### [EXERCISE GOAL]
Exactly as written, please repeat the data that follows, but not the pictures.

### [COLLECTED DATA]
>>>>>

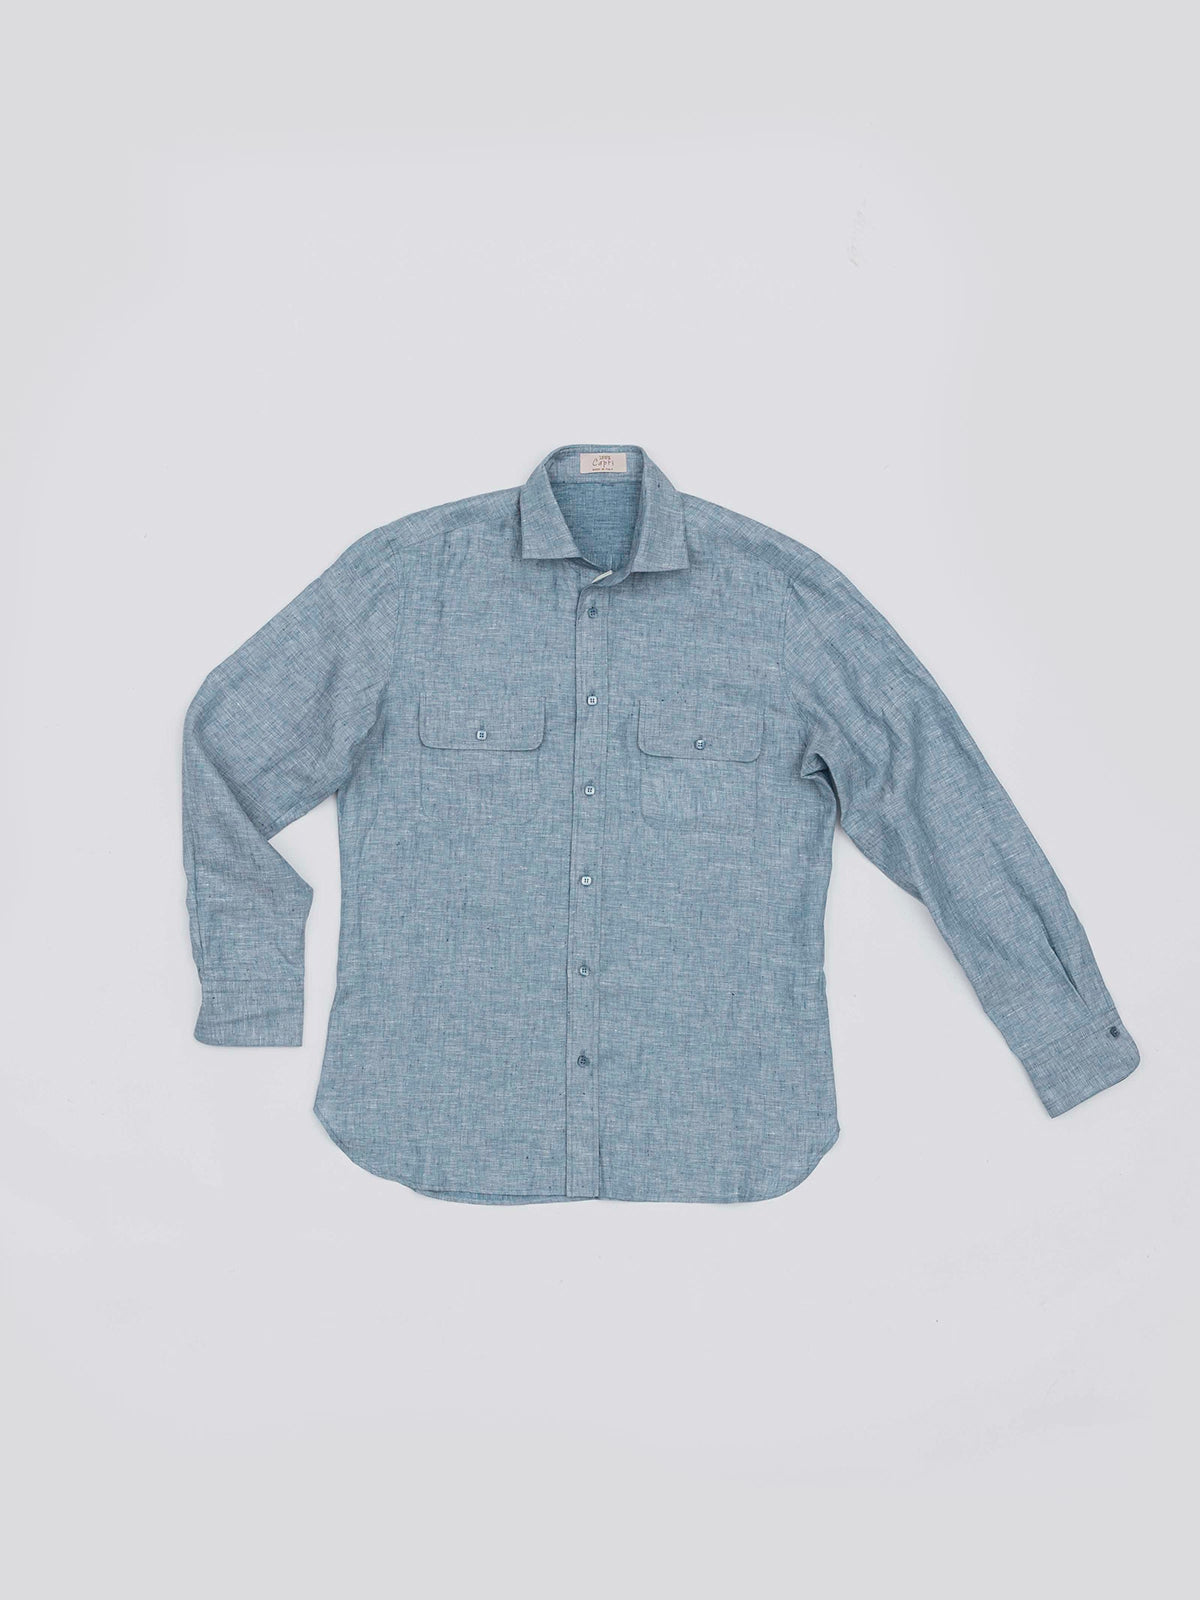 Reversible linen shirt for man 100% Capri linen side dark and light  jeans shirt front 
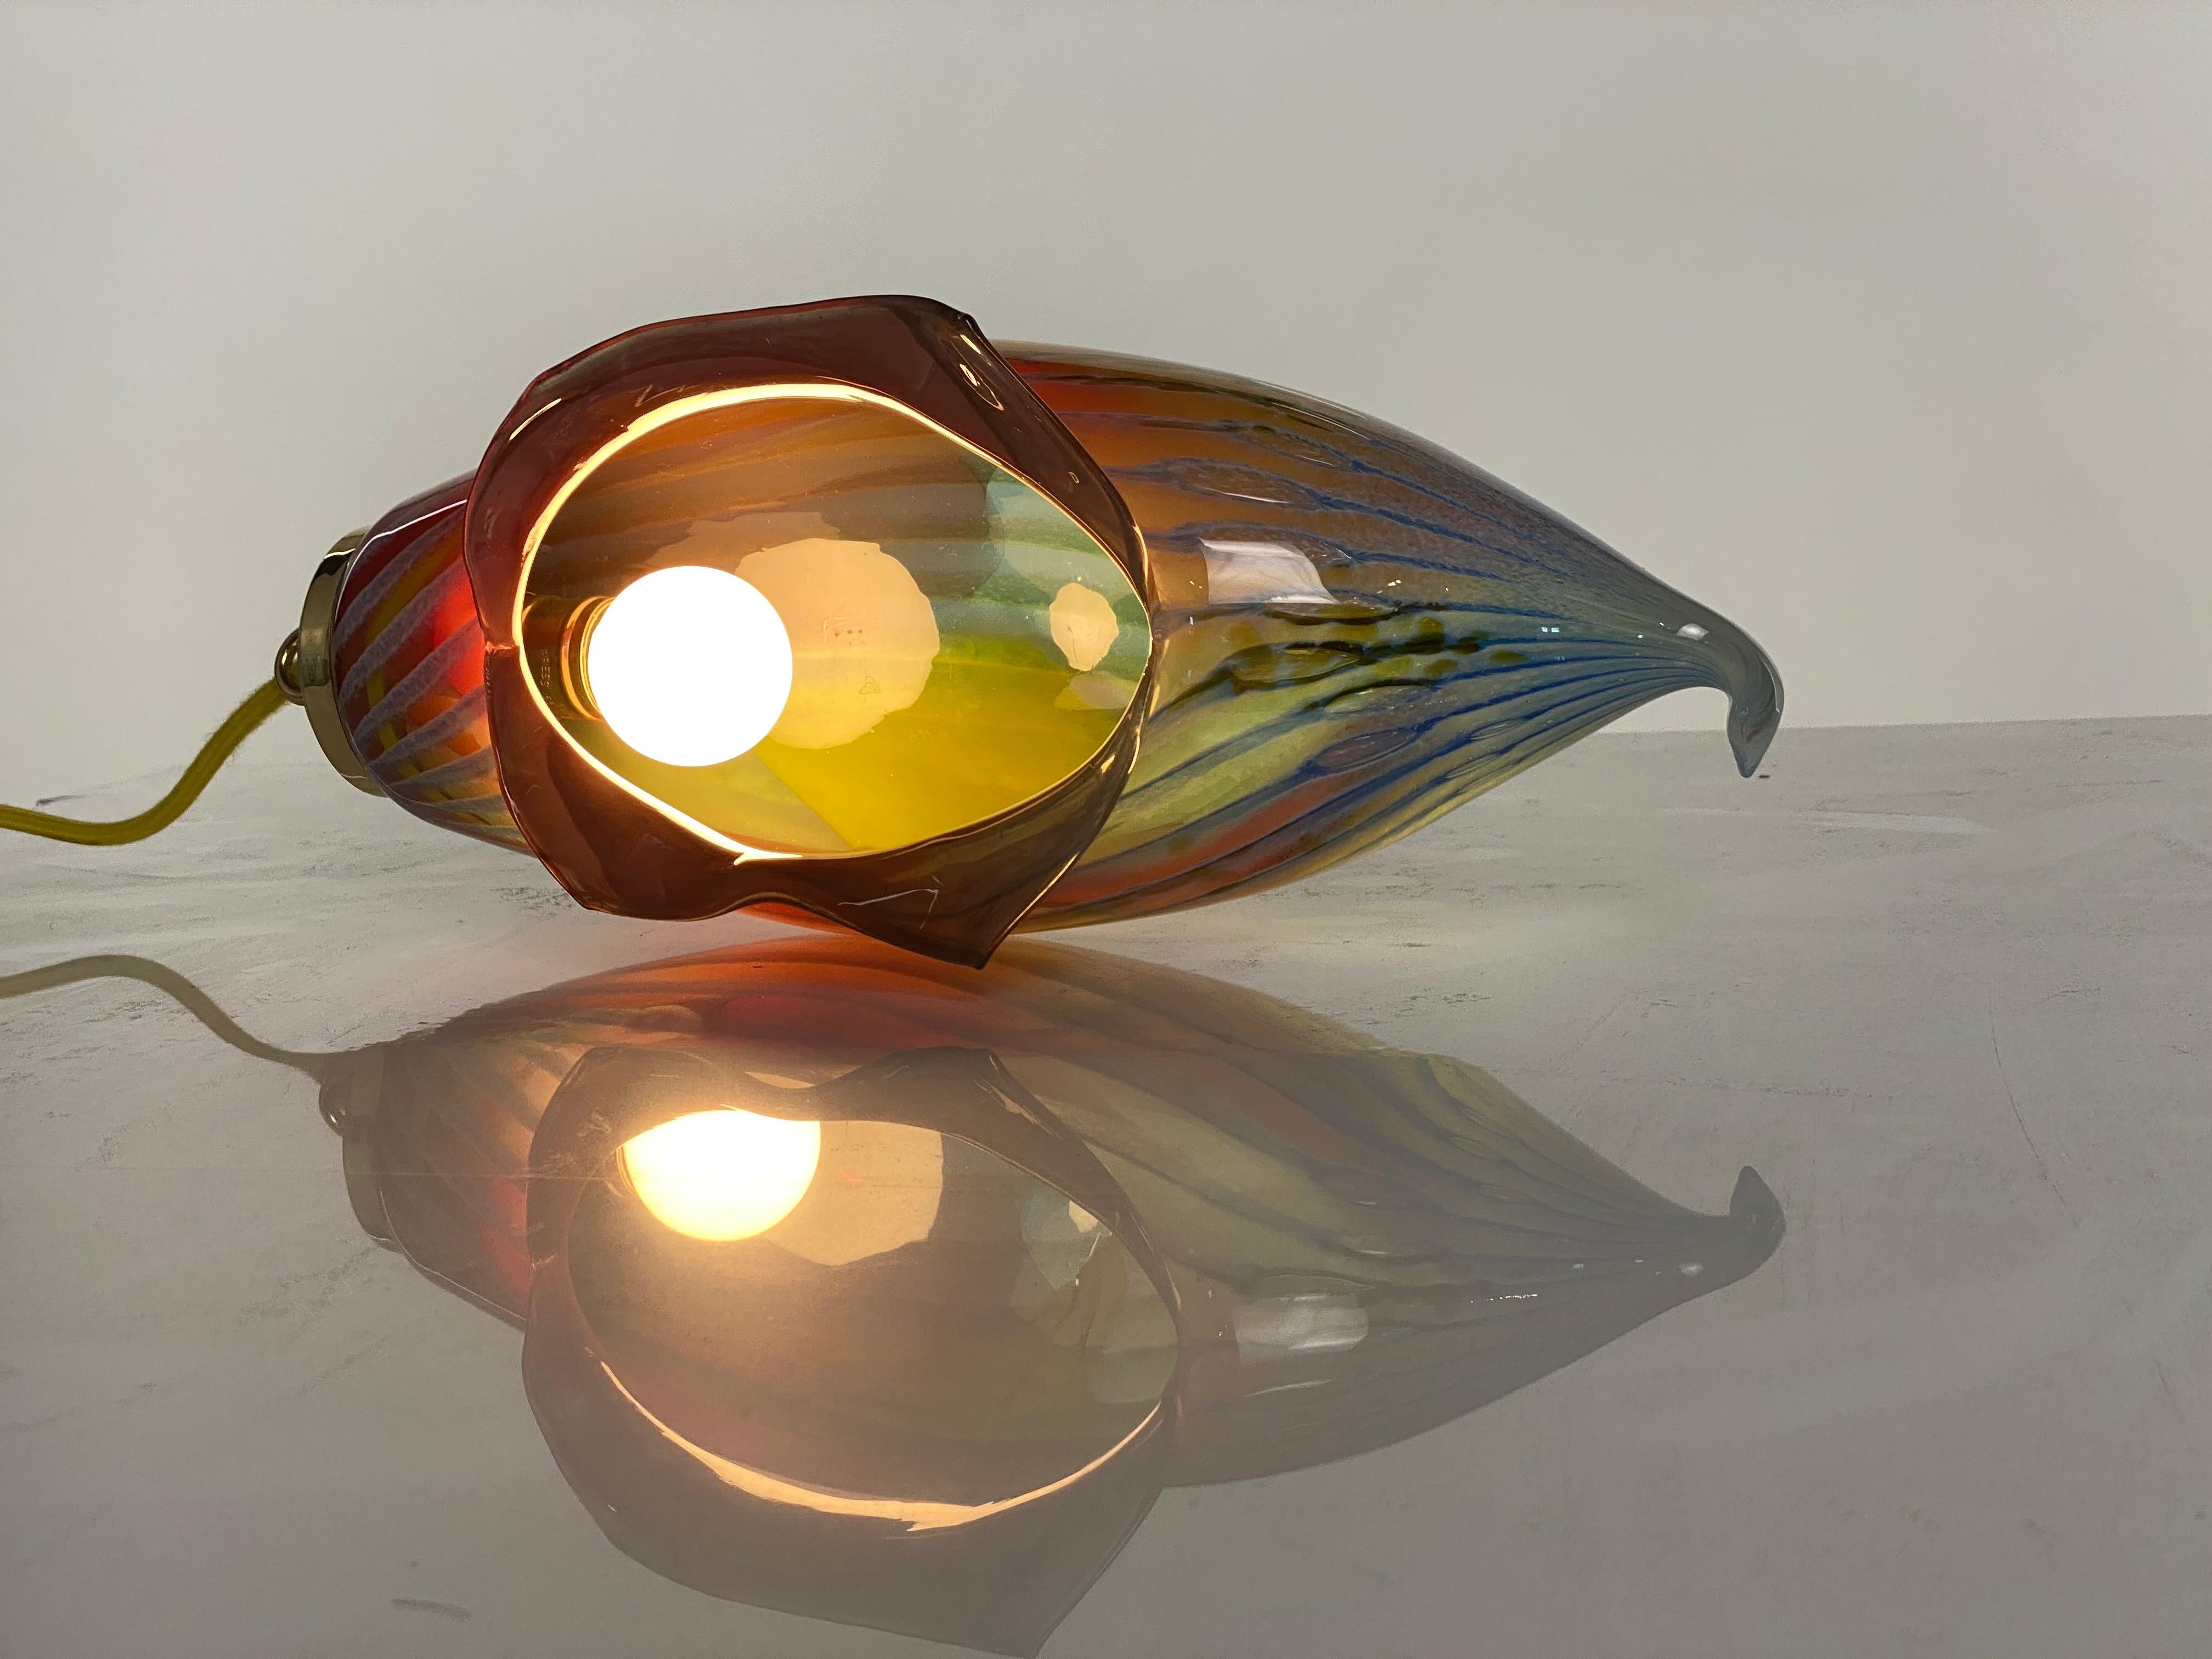 Il s'agit d'une nouvelle œuvre de Mattia Biagi dans un verre.
Cette lampe sculpturale peut être utilisée comme lampe de table ou suspendue.

<<<<<

### [OUTPUT BELOW]
 Reversible linen shirt for man 100% Capri linen side dark and light  jeans shirt front 
 Il s'agit d'une nouvelle œuvre de Mattia Biagi dans un verre.
Cette lampe sculpturale peut être utilisée comme lampe de table ou suspendue.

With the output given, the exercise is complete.